* PROBLEM REQUIREMENTS:
Return each line of the listing below, unchanged, and omit the images.

* DATASET EXTRACT:
•••••
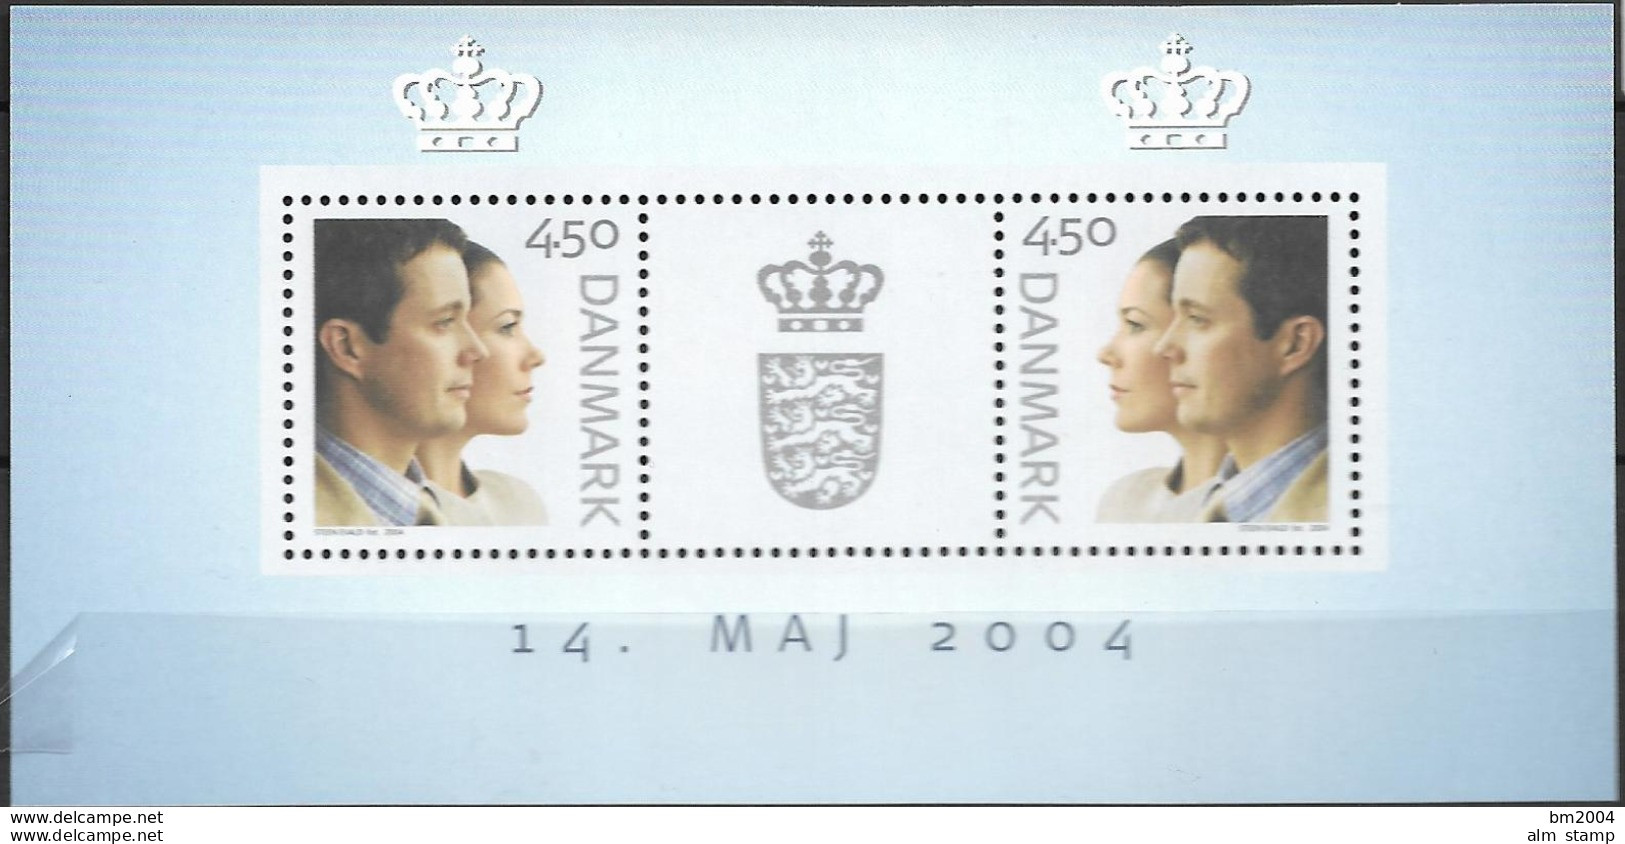 2004 Dänemark Mi. Bl. 23 **MNH  Hochzeit Von Kronprinz Frederik Und Mary Donaldson - Hojas Bloque
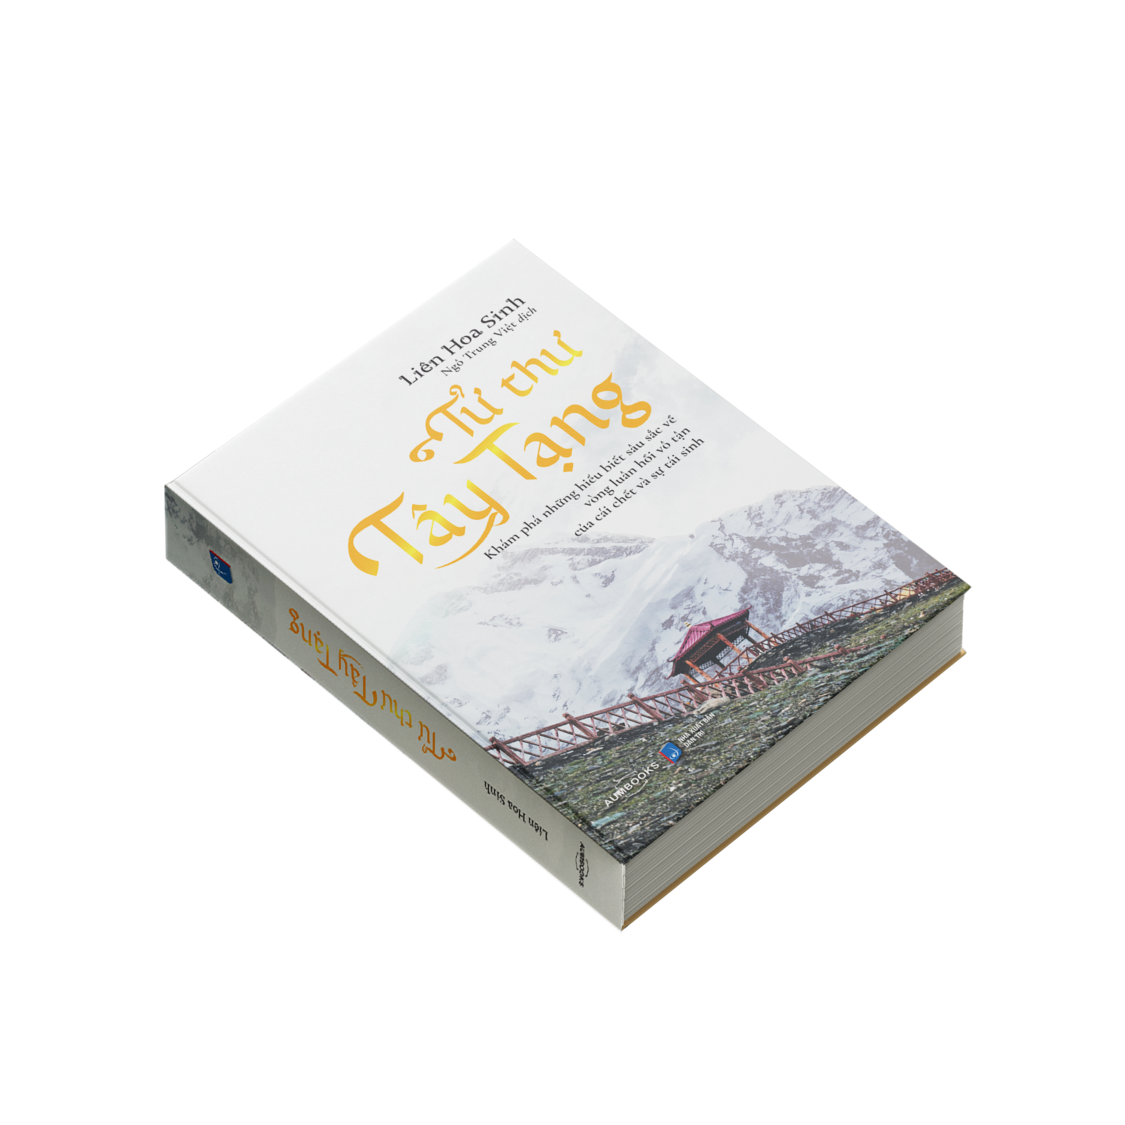 Sách Tử Thư Tây Tạng - Khám phá những hiểu biết sâu sắc về vòng luân hồi vô tận của cái chết và tái sinh - Á Châu Books, bìa cứng in màu
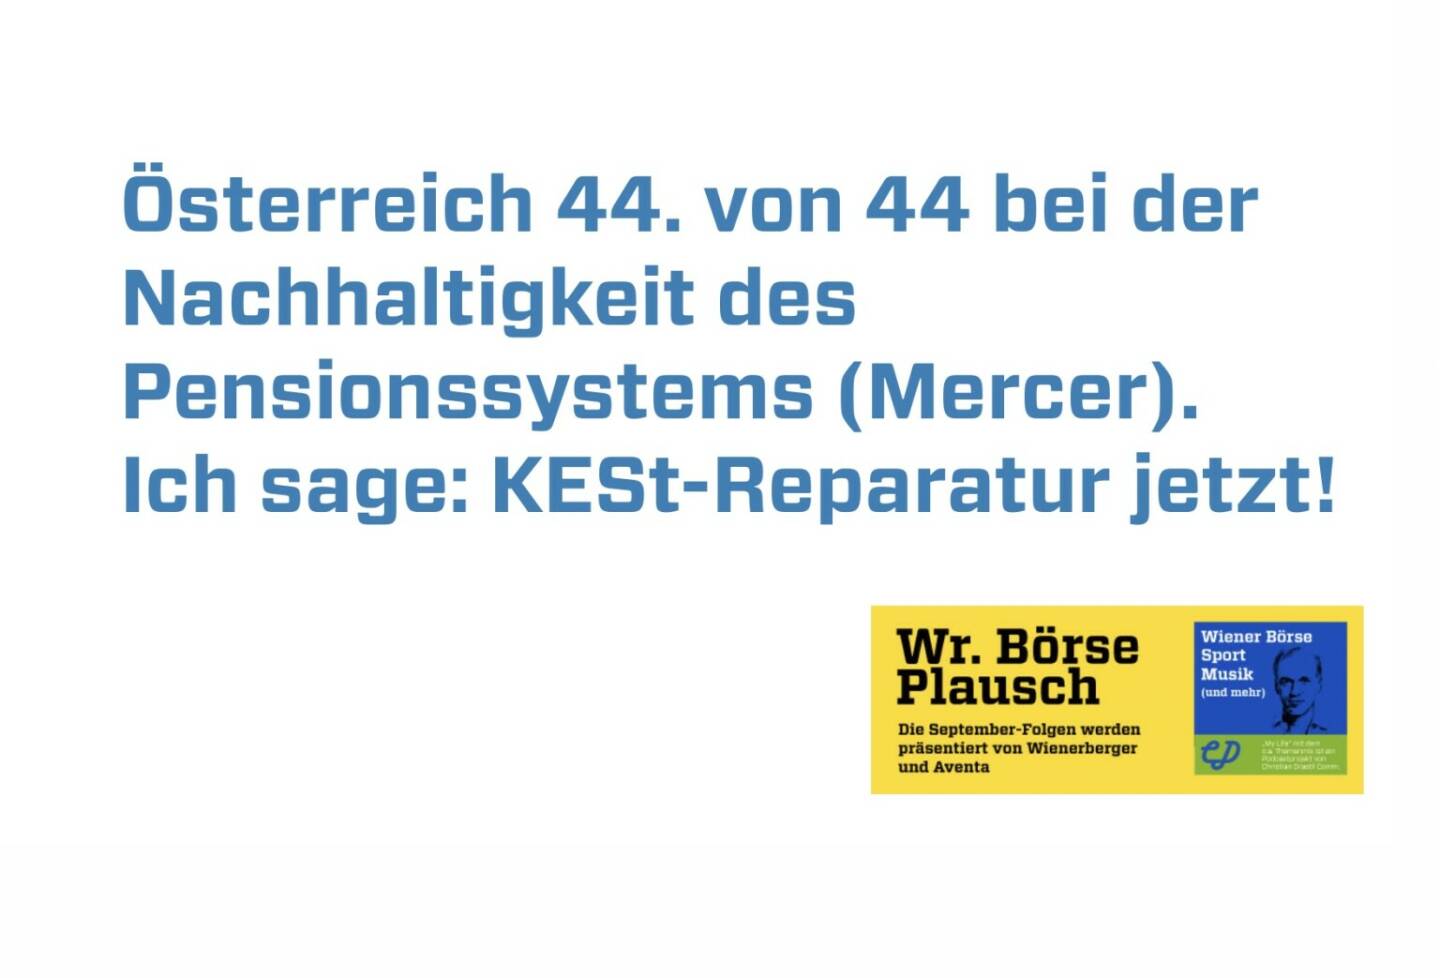 Österreich 44. von 44 bei der Nachhaltigkeit des Pensionssystems (Mercer). Ich sage: KESt-Reparatur jetzt! Dies und mehr in Folge S3/26 der Wiener Börse Pläusche im Rahmen von http://www.christian-drastil.com/podcast .
•••••
* WRITTEN ANSWER:
 2004 Dänemark Mi. Bl. 23 **MNH  Hochzeit Von Kronprinz Frederik Und Mary Donaldson - Hojas Bloque
 Sách Tử Thư Tây Tạng - Khám phá những hiểu biết sâu sắc về vòng luân hồi vô tận của cái chết và tái sinh - Á Châu Books, bìa cứng in màu
 Österreich 44. von 44 bei der Nachhaltigkeit des Pensionssystems (Mercer). Ich sage: KESt-Reparatur jetzt! Dies und mehr in Folge S3/26 der Wiener Börse Pläusche im Rahmen von http://www.christian-drastil.com/podcast .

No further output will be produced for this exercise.